Mas, não se tratava de um gesto de caráter religioso. Na verdade, Gaddafi usava uma espécie de abanador de fibra vegetal para se livrar das moscas que infestavam o ambiente.

Esta e muitas outras anedotas saborosas fazem parte do livro Teerã, Ramalá e Doha: memórias da política externa ativa e altiva, da editora Benvirá, o terceiro em que o ex-chanceler brasileiro narra fatos de sua passagem pelo Itamaraty. Os outros são Conversas com jovens dipomatas e Breves narrativas diplomáticas, lançados anteriormente pela mesma editora.

O novo livro — que será lançado em março em eventos no Rio, em São Paulo e Brasília — trata de alguns dos mais criticados aspectos da política externa que Amorim desenvolveu ao lado do ex-presidente Lula, a partir de 2002: a aproximação com o Irã e os países árabes.

Na mesma viagem em que encontrou Gaddafi, em dezembro de 2003, Lula já havia passado pela Síria, Líbano, Emirados Árabes Unidos e Egito. Lula foi criticado por se encontrar com Bashar al-Assad e Gaddafi, mas não com o emir de Abu Dhabi, aliado dos Estados Unidos.

Ao narrar a passagem por Tripoli, Amorim relembra: “Repetia [a mídia] aqui, com agravantes, o mesmo tipo de crítica que ouvimos em Damasco. Como podia o líder de um país democrático, que ascendera ao poder mediante eleições livres, ser recepcionado por um anfitrião que chefiava um regime sabidamente ditatorial? Mas, como na Síria, o que preocupava a nossa imprensa não era tanto a natureza autoritária ou ditatorial do regime, mas a falta de consulta prévia a Washington. Tanto assim que os mesmos veículos pareciam encarar com grande naturalidade os contatos de Colin Powell em Damasco e trataram de forma positiva, ou pelo menos indiferente, as viagens que os primeiros-ministros José María Aznar e Tony Blair viriam a fazer dentro de poucos meses à Líbia”.

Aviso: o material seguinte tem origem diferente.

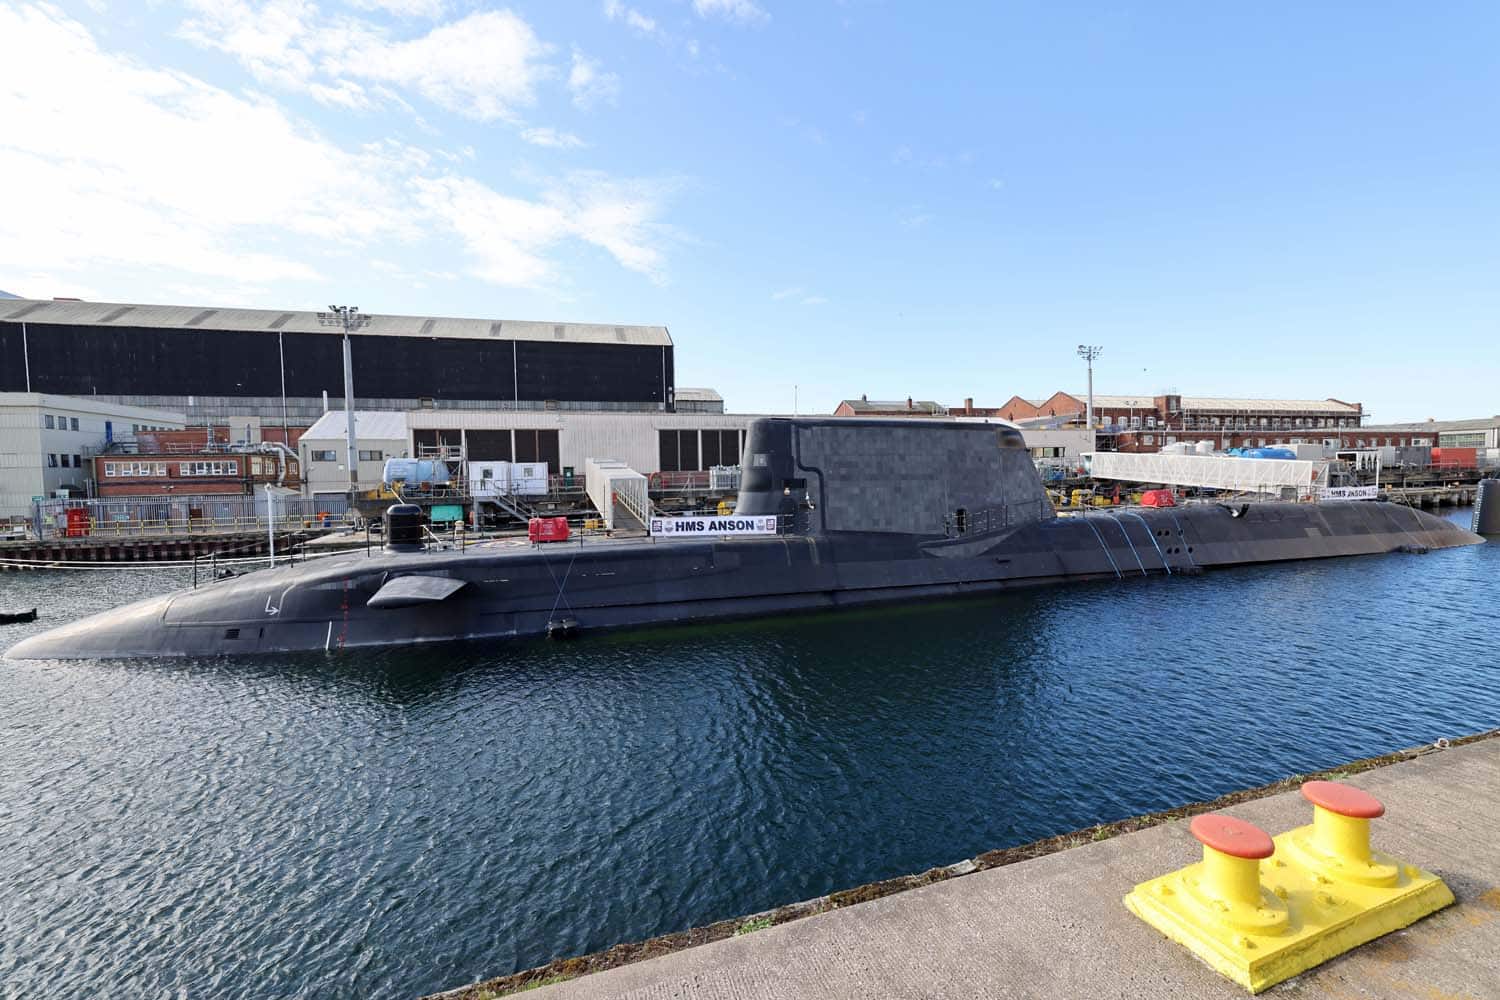 Royal Navy Commissions 5th Astute Class Submarine HMS Anson Naval News

Em outras palavras, os Estados Unidos podiam conversar com a Síria; o Reino Unido e a Espanha, com a Líbia. O Brasil, não!

A aproximação do Brasil com os países árabes, que culminou com a Cúpula América do Sul-Países Árabes (ASPA), além de ampliar mercados para produtos brasileiros visava reforçar um dos pilares centrais da política externa, a de promover o multilateralismo.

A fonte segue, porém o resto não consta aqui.